Alors que le changement climatique nous fait vivre une déglaciation accélérée, Les nouveaux outils permettent de comprendre la cinématique de la disparition des dernières calottes glaciaires, il y a plusieurs milliers d’années.

Observons l’Amérique du Nord et remontons le temps. Quelque part autour de 20 000 ans en arrière, lors de la dernière phase glaciaire, nous voici au point culminant de l’existence de la calotte glaciaire qui recouvrait une grande partie du continent jusqu’au sud de New York, comme un immense pancake.

Ce qui intéresse l’enseignant-chercheur en géosciences Édouard Ravier, c’est le processus de déglaciation de cette calotte glaciaire. En se retirant, elle a donné aux sols leur relief actuel. « Lors du réchauffement climatique, les calottes glaciaires sont complètement déstabilisées, elles fondent par le dessus et le dessous, s’amincissent, s’écoulent de plus
en plus vite et finissent par localement se disloquer », décrypte-t-il.
L’équipe de recherche s’est donnée pour mission de comprendre ce qui s’est passé sous la glace des calottes, notamment en cartographiant les « reliques », ces dépôts sédimentaires à la morphologie particulière connus sous le terme de bedforms. Grâce à ces indices, les chercheurs peuvent reconstituer la vitesse et la durée d’écoulement du glacier, et même évaluer la quantité d’eau qui circulait à sa base. Pour mener ces recherches, le laboratoire possède un dispositif de modélisation expérimentale : « Nos maquettes utilisent d’autres matériaux que ceux de la nature afin de reconstituer les processus en accéléré. Nous utilisons par exemple de la silicone qui possède certaines caractéristiques de la glace et qui peut fluer beaucoup plus vite. En l’espace de trois heures, nous pouvons modéliser plusieurs centaines ou milliers d’années. »

Scénariser l’avenir de nos calottes

Comme pour le projet CALEPAB (voir article ci-dessus), les méthodologies ont aussi considérablement évolué au fil des années. « Auparavant, j’allais exclusivement sur le terrain, en exécutant le travail classique d’un géomorphologue et sédimentologue », commente Édouard Ravier. « Progressivement, nous avons développé d’autres outils. »
Les algorithmes d’intelligence artificielle, les modèles 3D de la surface de la Terre et les images satellites ont pris une place de choix, permettant aux chercheurs de travailler désormais à des échelles gigantesques et de traiter d’énormes quantités de données.
Bien entendu, en cette période de réchauffement climatique intense, accélérée et inquiétante, cette plongée dans un passé, finalement pas si lointain, revêt une grande importance pour éclairer l’avenir de nos deux calottes glaciaires actuelles : l’Antarctique et le Groenland.

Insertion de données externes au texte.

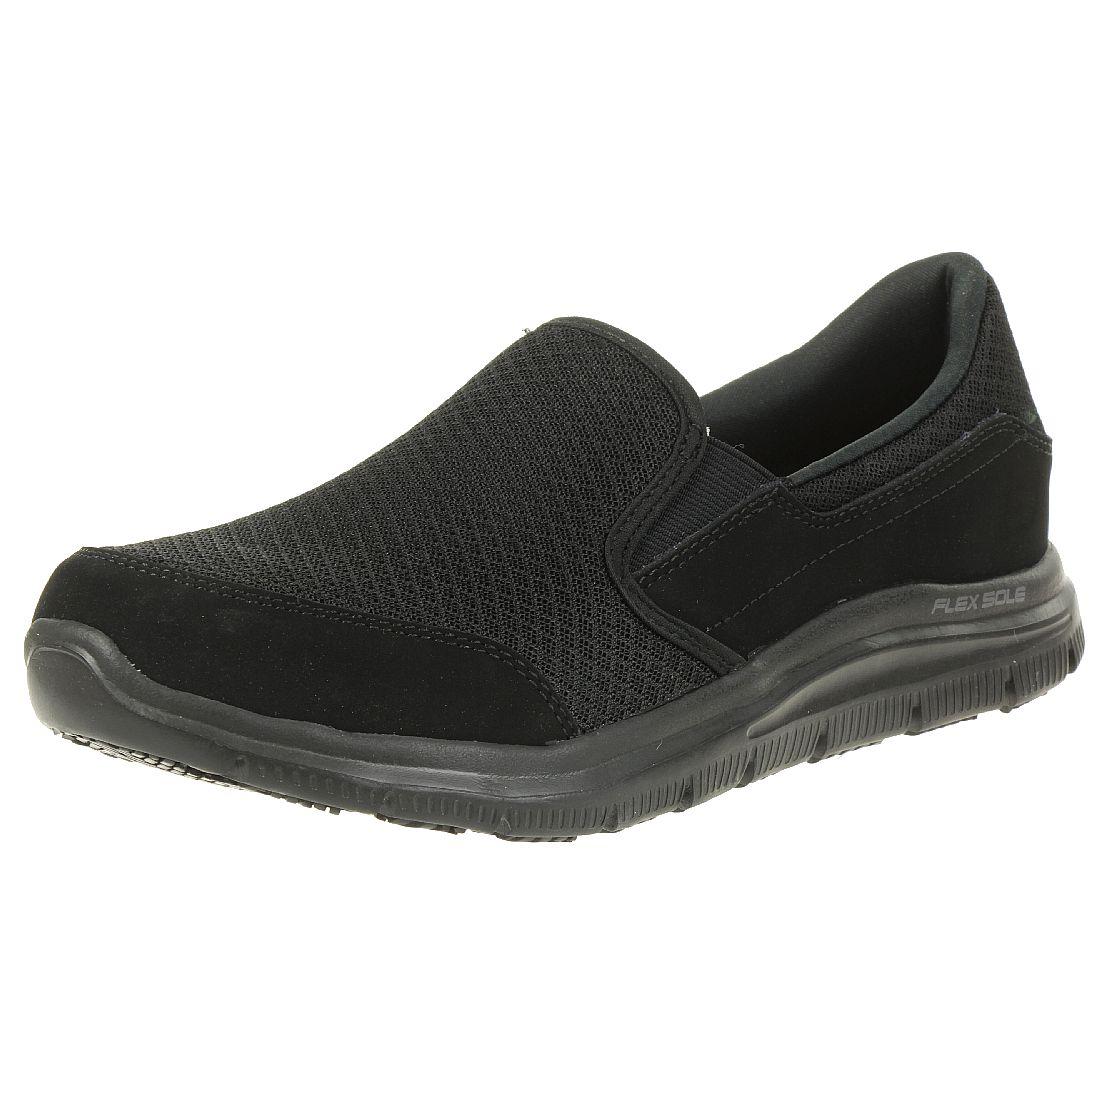 skechers cozard damen sneaker arbeitsschuhe kellner slip on schwarz sneaker damen 37 38. Black Bedroom Furniture Sets. Home Design Ideas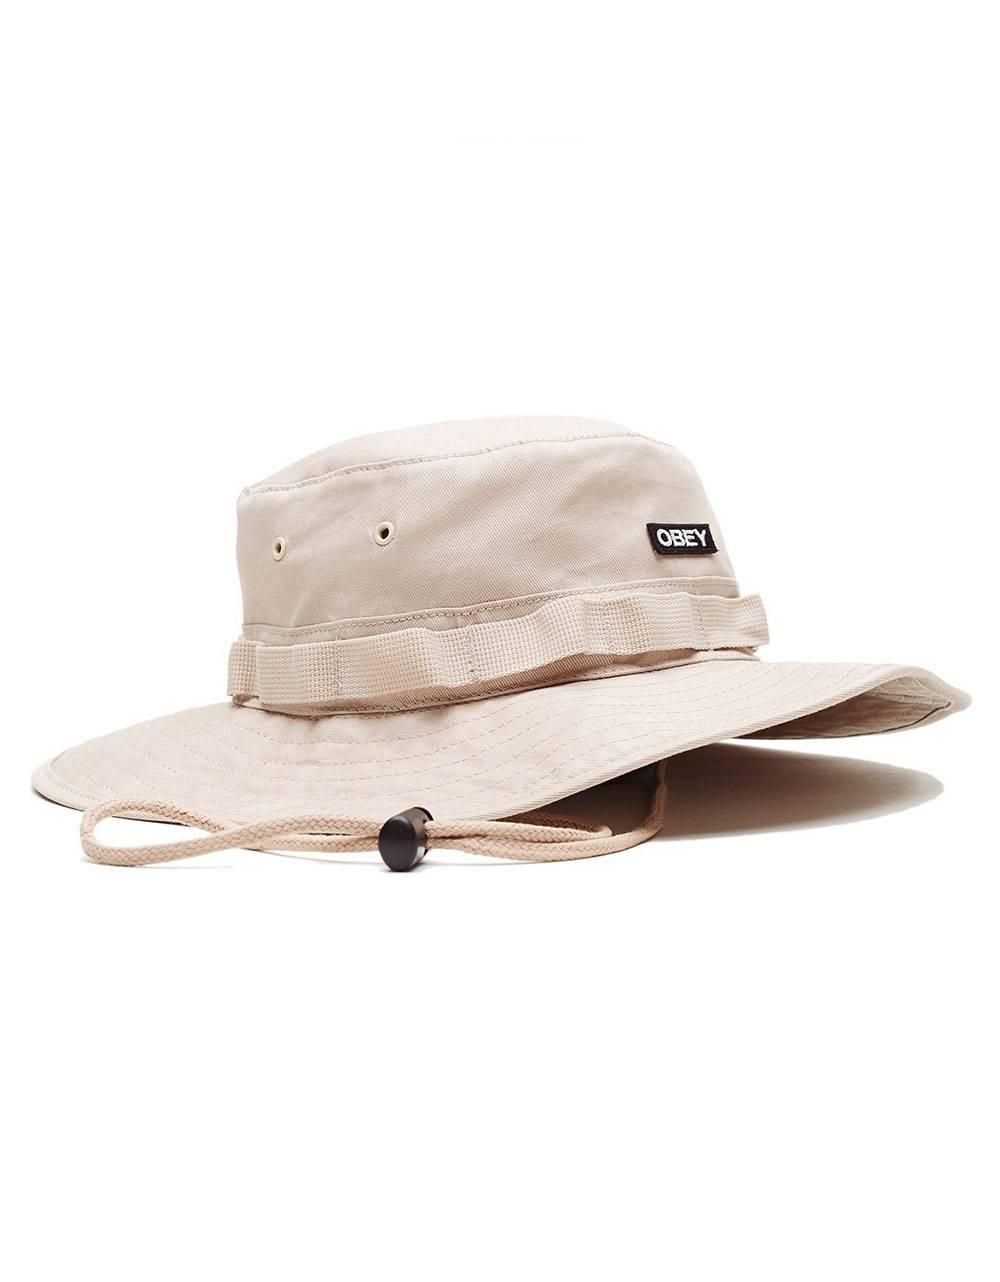 Obey river boonie hat - khaki obey Hat 50,00€

« Les conséquences des déstabilisations des calottes sont multiples : relargage massif d’eau douce dans les océans (et donc augmentation du niveau de la mer), production accrue d’icebergs, vidanges brutales de lacs sous-glaciaires, modifications des courants océaniques… », énumère le chercheur. Toutefois, les incertitudes demeurent nombreuses et tous les modèles doivent être comparés et superposés afin de faire surgir les scénarios les plus probables. Au-delà de la rupture méthodologique que représente l’utilisation des nouveaux outils numériques, une autre s’opère, plus subtile et personnelle, dans l’esprit des chercheurs.

Étudier les glaciers ne prête pas à l’optimisme », confie Édouard Ravier. « En voyageant beaucoup, je me disais que je contribuais au phénomène que j’étais en train d’étudier. Les voyages sont aujourd’hui moins nécessaires et tant mieux. Toutefois, les doctorants notamment doivent continuer d’aller sur le terrain, car il existe un décalage parfois fort entre ce que l’on y observe et ce que les nouveaux outils nous montrent.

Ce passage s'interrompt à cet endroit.